Let’s consider a few options. For simplicity, I’ll give examples for $n=4$, $c=2$, and $b=2$, but each strategy should generalize to any problem size where $n = c \times b$.

• I’ll call the naïve strategy a chunking code because it just breaks the number into $c$ equally-sized pieces. For example, $e(0110) = \langle 01, 10 \rangle$. But a small, one-level error in the first cell causes a large error in the represented value. For example, an error of size one can turn $\langle 01, 10 \rangle$ into $\langle 00, 10 \rangle$. The decoded error size is $\Delta(0110, 0010) = 4$. So a distance-one error in the cells can lead to a distance-four error in the value. Such an error is just as likely as a distance-one value error (when the second cell is faulty instead of the first).

• A Gray code tries to avoid situations where incrementing a number makes many cells change simultaneously. This property minimizes the cost of the most common writes, so it’s a popular strategy for memory coding. But I contend that, in an abstract sense, it’s the opposite of what we want for error robustness. A Gray code takes small changes in the value and turns them into small changes in the cells. We want this implication to go the other way around: small changes in the cells should lead to small changes in the corresponding values. A small change in a cell can still lead to an arbitrarily large change in the represented number.

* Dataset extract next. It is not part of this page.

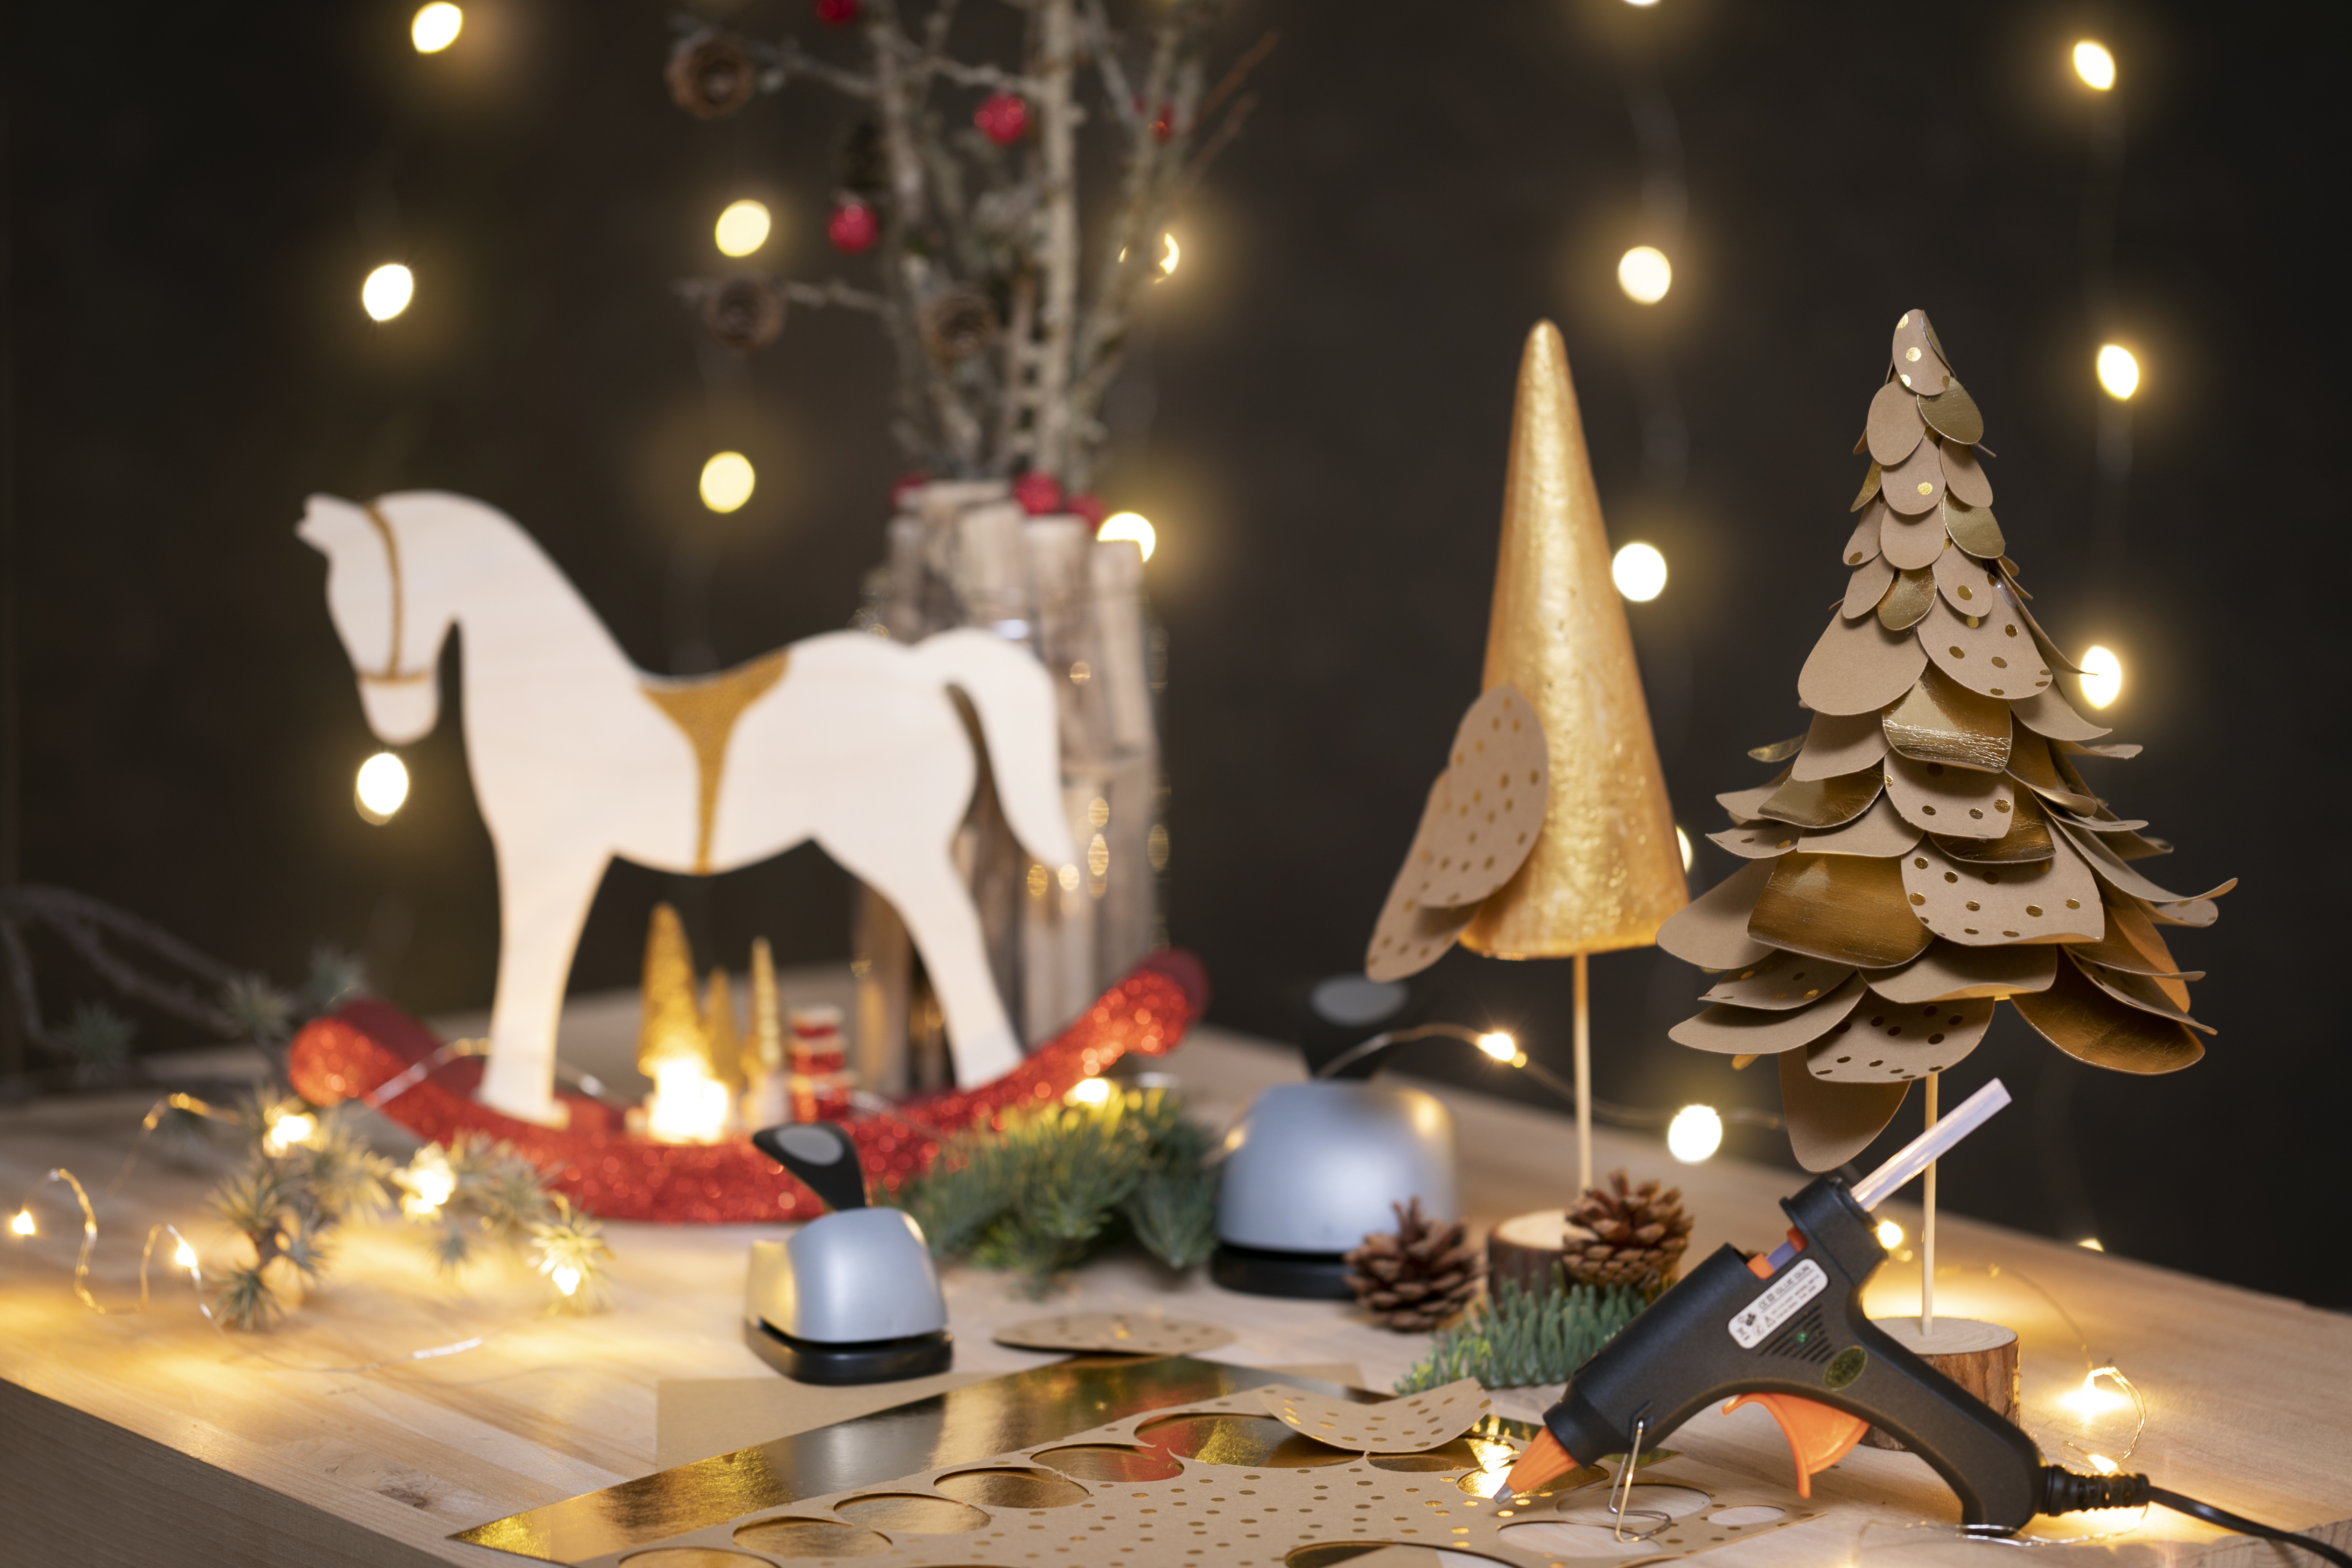 Proficiat Augment Toestand Nieuwe DIY kerstdecoraties voor Kerst 2019 - CChobby Blog
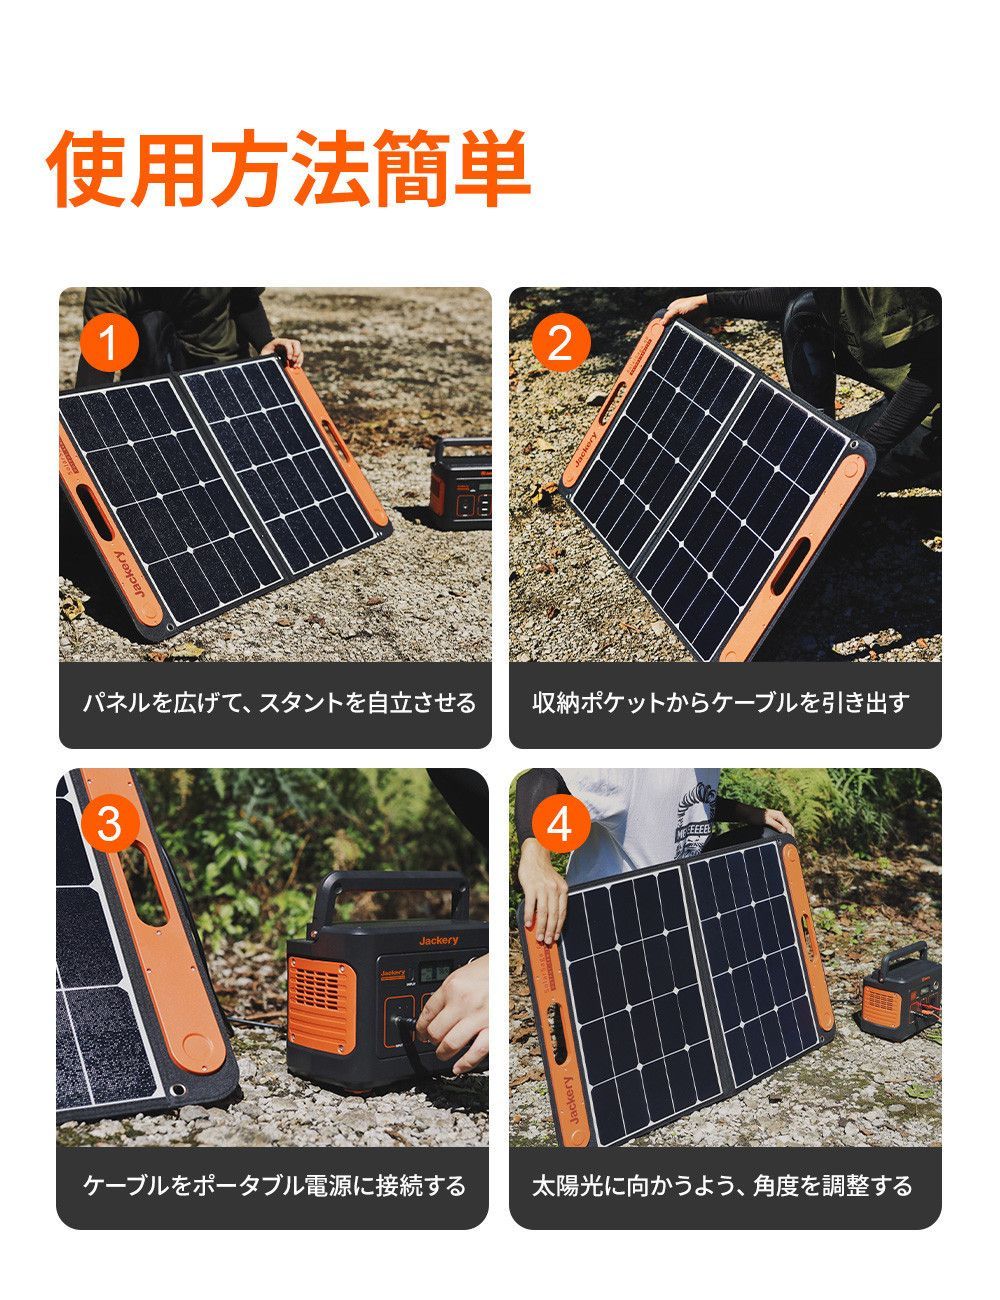 【連休特別価格】Jackery SolarSaga 60PROソーラーパネル

• Grasping at straws, we could try a striping code where the bits are interleaved: the first cell holds all the bits at positions that are zero mod $b$; the next cell gets all the bits at 1 mod $b$, and so on. For example, $e(0011) = \langle 01, 01 \rangle$. But clearly, a small error in one cell can still lead to a large error in the value. For example, a single-level error can produce $\langle 10, 01 \rangle$. And $d(\langle 10, 01 \rangle) = 1001$, which is a value-space error of 6.

### A Question

None of these three options meets the goal I wrote above. Worse, none of them seems meaningfully closer to satisfying error-monotonicity than any other. For about five years now, I’ve wondered whether it’s possible to do any better than the naïve chunking code. I would be equally satisfied with a definitive no as with an existence proof. But so far, I have no traction at all in either direction and Google has failed me. Let me know if you have any bright ideas—I’d be thrilled.